Genealogy: File formats and preservation

Genealogy: File formats and preservationFile formats are the KEY to preservation. One of the goals of digital preservation is to prevent a loss of access to files due to file format obsolescence.

If you are using a file format migration strategy for preservation, then you will be refreshing the digital files over time to keep the content stored in formats that are readable by the current technology.

If you are practicing a software emulation strategy for preservation, then you are maintaining software that will be able to read the old file formats.

When you create a digital object, the type of file that it is will be declared by its extension (.jpg, .pdf, etc.). The type of file you are dealing with has big implications for how preservation practices can be applied to it now and in the future. This is because being able to access the contents of a digital object depends on the ability to store, read, and edit the digital files.

When a software program creates a file, the program can re-open the file to view it, edit it, etc. This is because the program knows the file format’s specifications and was designed to be able to work with it. As software programs get upgraded or disappear, the ability to read the files that it created becomes riskier.

Software upgrades happen all the time, and it is usually possible to open a file created with the previous version of a program. And it certainly won’t be possible if the software stops getting upgraded and will eventually not be capable of running on new machines.
The following factors should be considered in assessing a file format’s long-term stability:

  • Wide adoption
  • History of backward compatibility
  • Good metadata support (in open format such as XML)
  • Good range of functionality, but not overly complex
  • Available interchange format with usable target
  • Built-in error checking
  • Reasonable upgrade cycle

Open and Proprietary
File formats can be clumped in two categories:

  • Open
  • Proprietary

When a file format is proprietary, the format’s specifications are not available because they are usually guarded as property of the company that created the program that creates the files.  Proprietary and closed specifications represent some of the most enduring and successful software in use.

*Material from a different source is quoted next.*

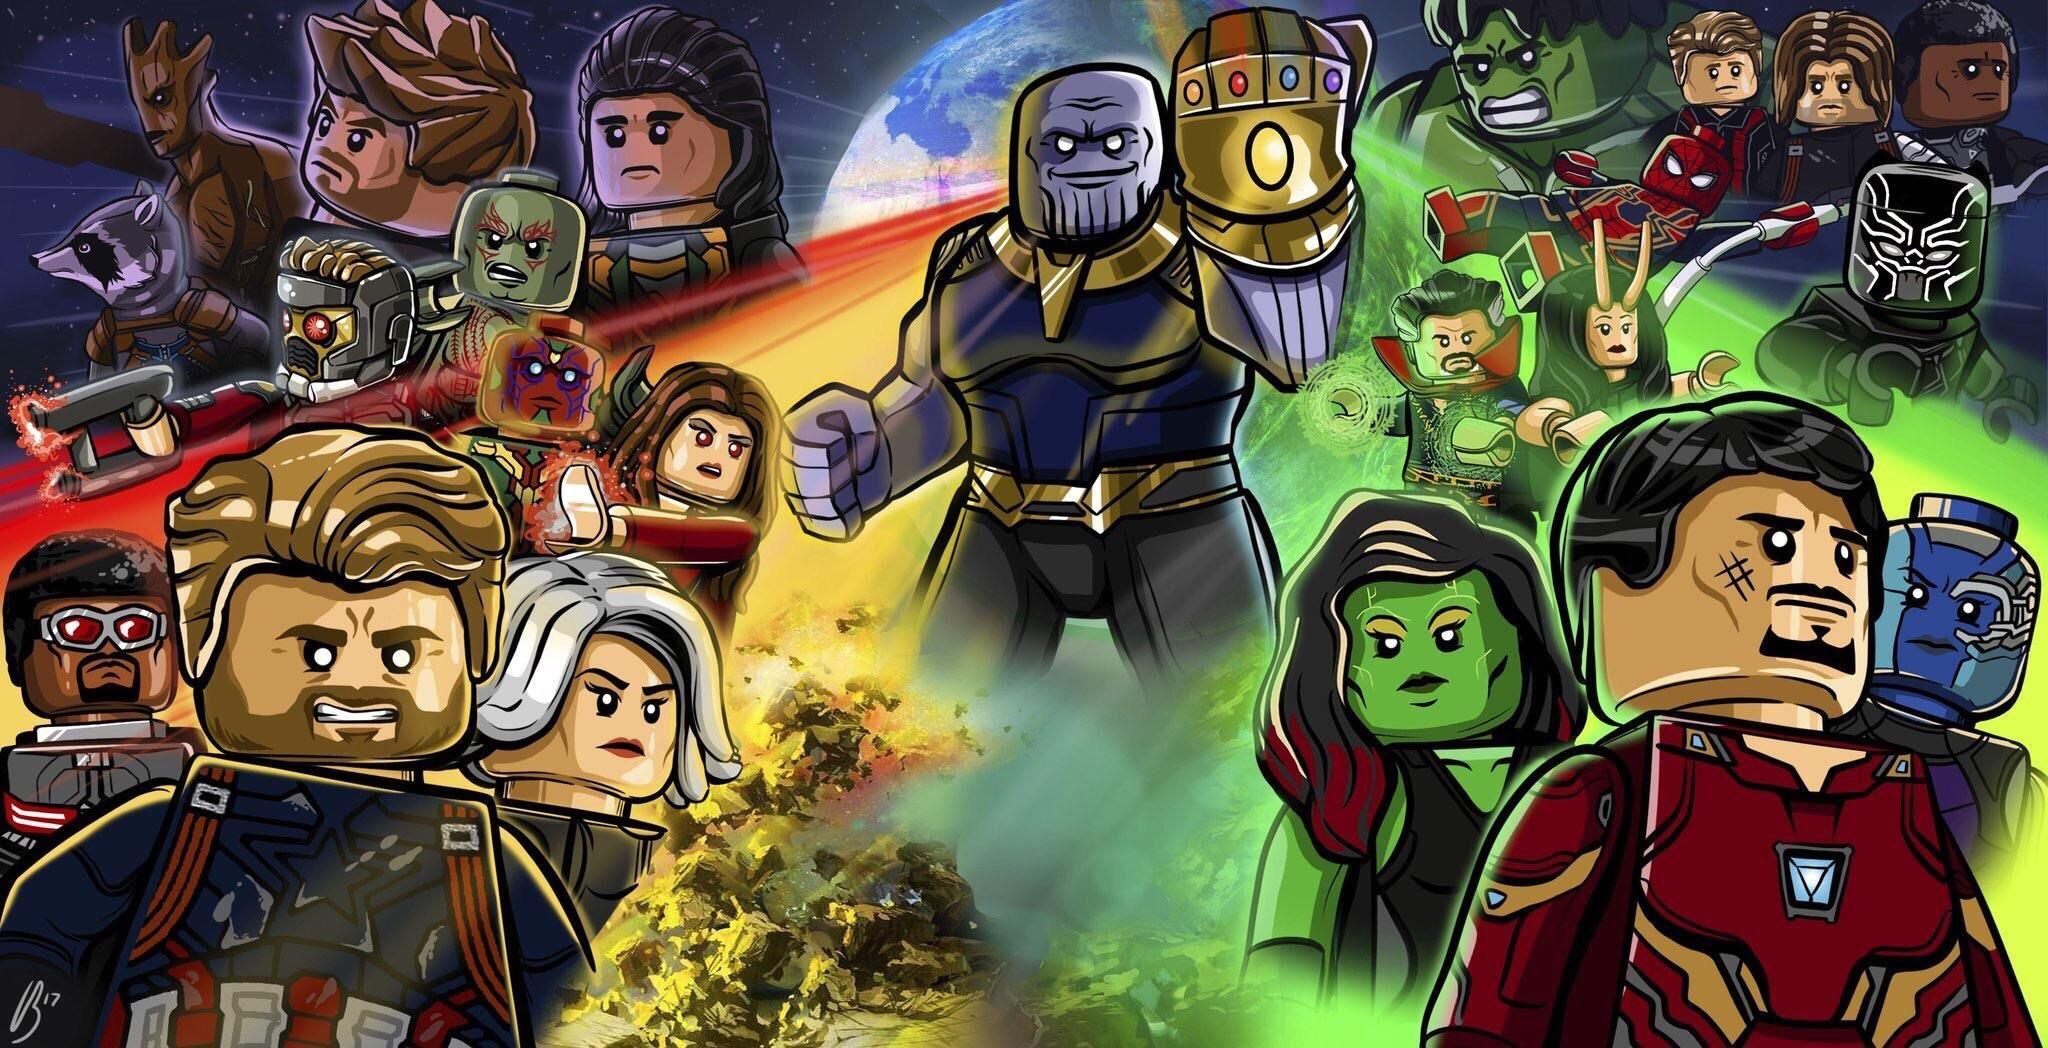 Lego Avengers Infinity War Poster Image Marvel Amp Dc

However, these also tend to evolve quickly and exist in many different versions for different platforms, with only limited backward compatibility provided. Some open proprietary formats are .psd, .ppt, and .doc.

Open file formats are those in which the file format specifications are publicly available. When this information is available, programs other than the one that created the file can be made to interpret the file’s format (or migrate an old file into a newer format), and we are not dependent on the original program. This implies a more guaranteed longevity for the file in its original format. Some open file formats are .pdf, .jpg, and .tif.

Open and Popular
With digital preservation, the rule of thumb is to move your content into file formats that are:

  • Open
  • Popular

When a file format is open, we can get inside its structure and know what’s going on, even if the software that a file was originally created on no longer functions.

The thinking behind going with a popular file format over one that is used less frequently, is that a way to “get inside” the format will be inevitable since so many people will have invested their content into that format someone will find a way in.